§ **Activity**:
From the line containing "Cargo delivery service Sadiya to Matar" through the end of the material below, output each line exactly as written, with pictures excluded.

§ **Recorded information**:

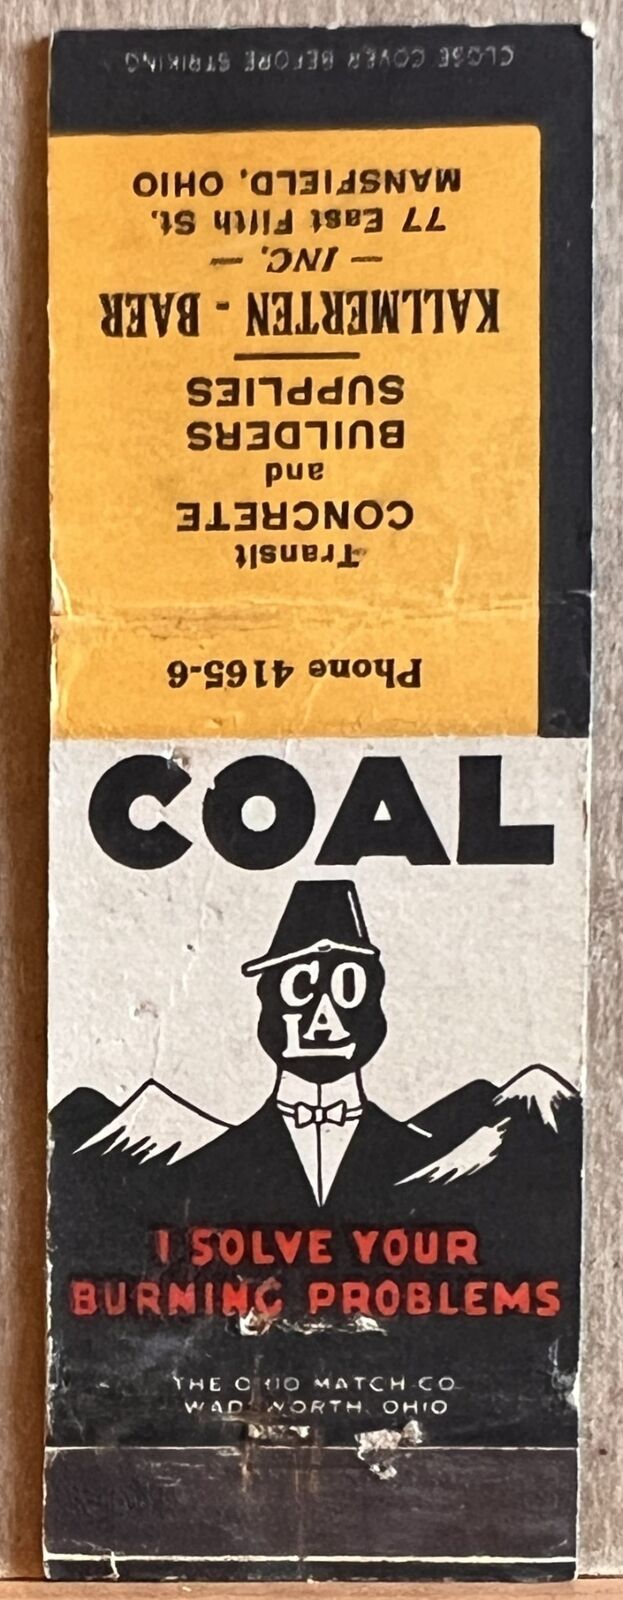 Kallmerten-Baer Mansfield OH Ohio Coal Transit Concrete Vintage Matchbook Cover
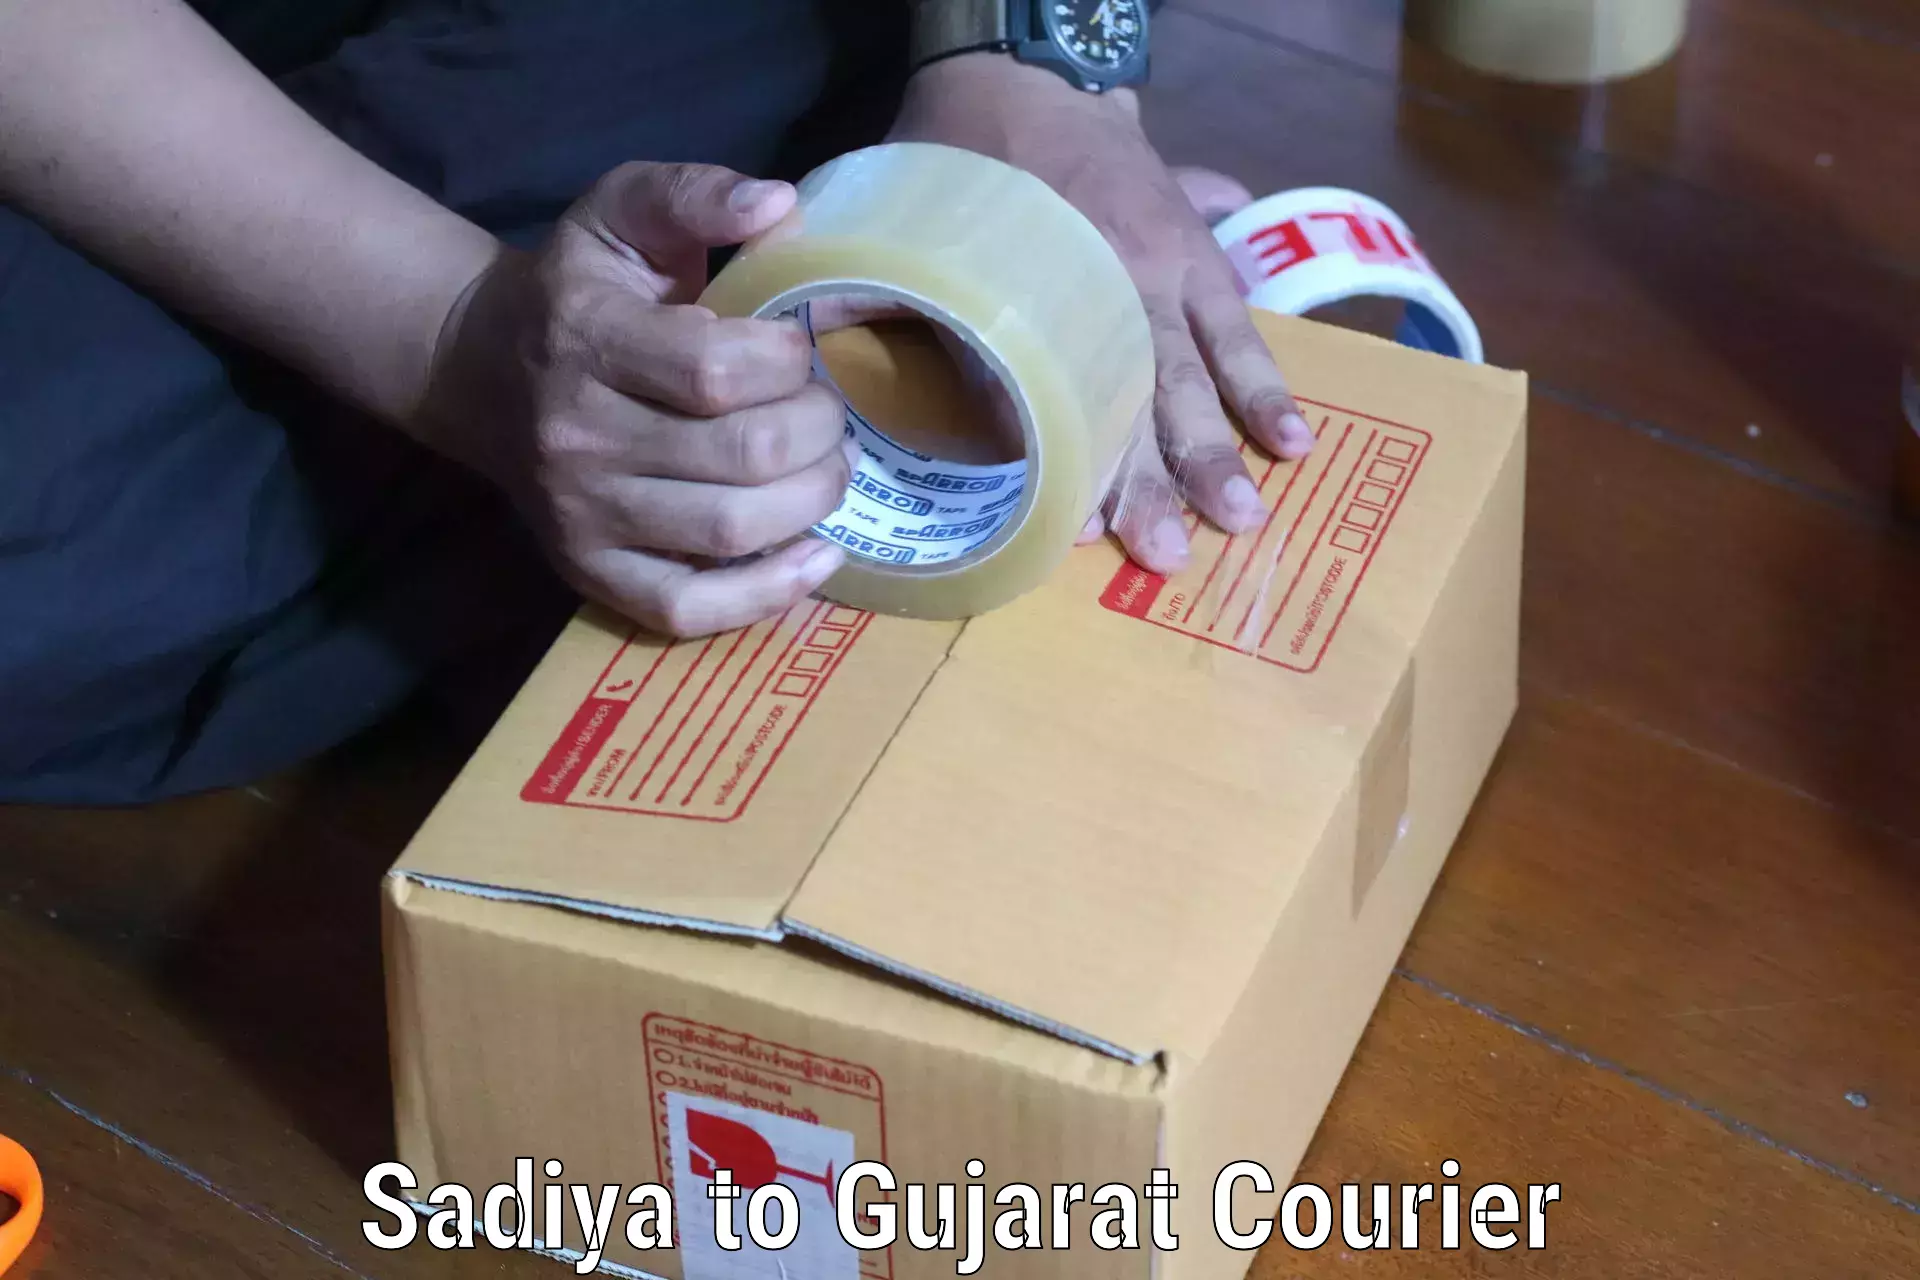 Cargo delivery service Sadiya to Matar
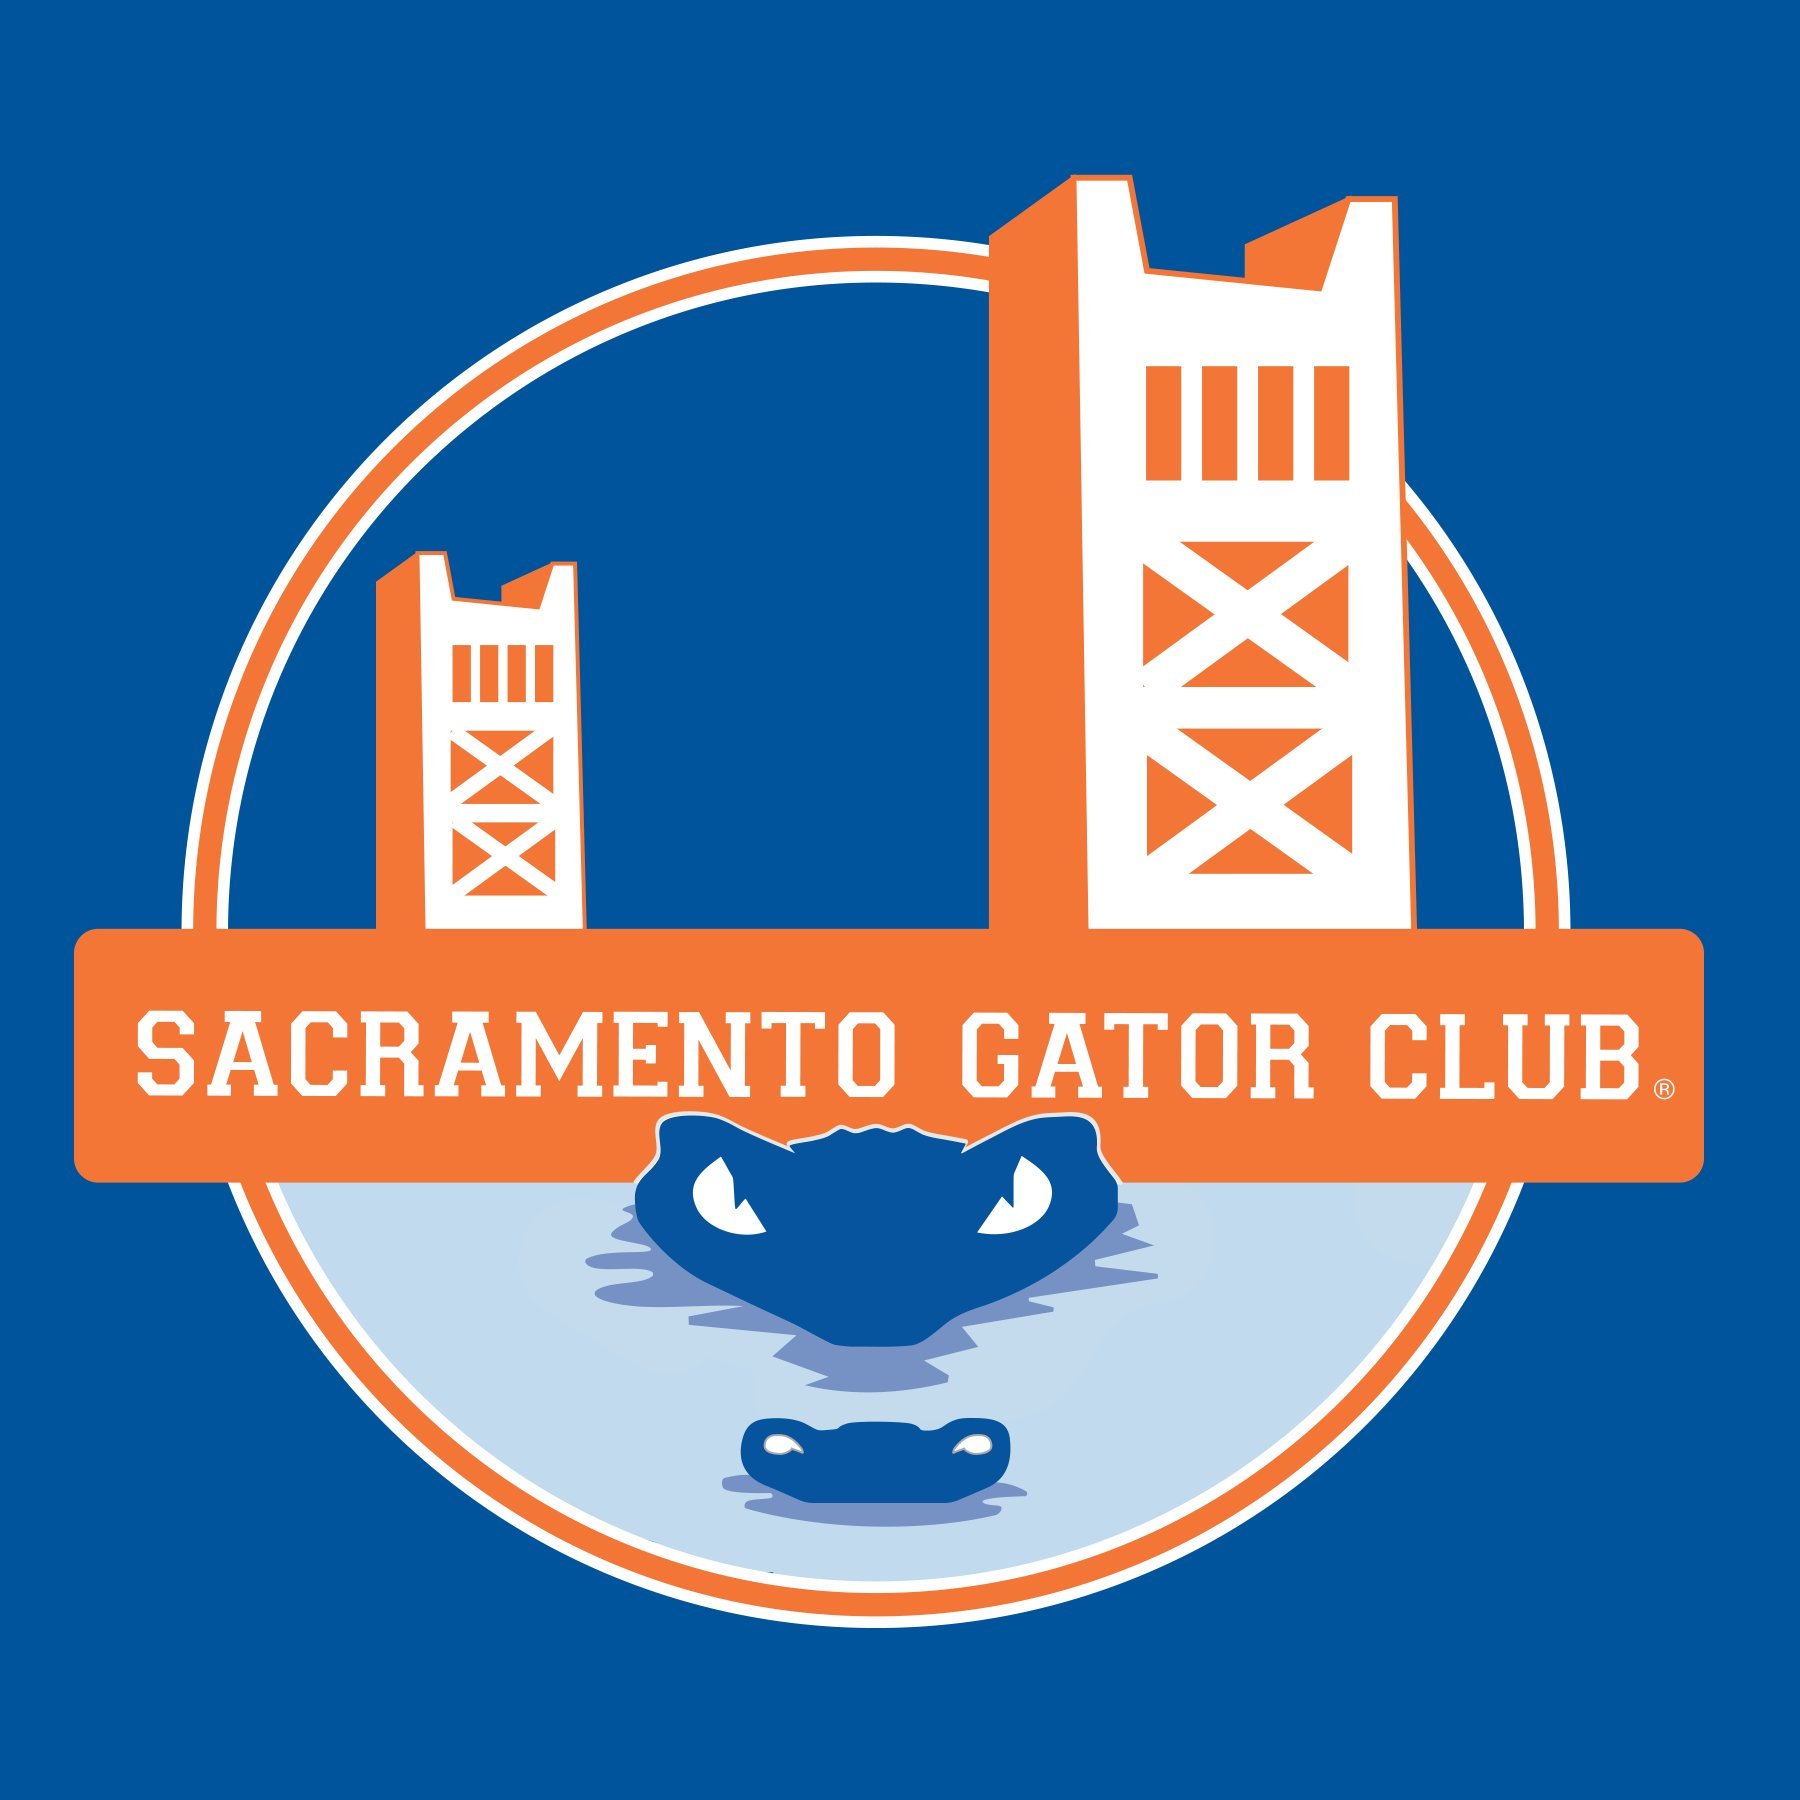 Sacramento Gator Club was est. in 2017 by the @ufalumni Association for @UF Alumni, Friends and Family in the #Sacramento area. #gogators

§ **Output of the task**:
 Cargo delivery service Sadiya to Matar
 Sacramento Gator Club was est. in 2017 by the @ufalumni Association for @UF Alumni, Friends and Family in the #Sacramento area. #gogators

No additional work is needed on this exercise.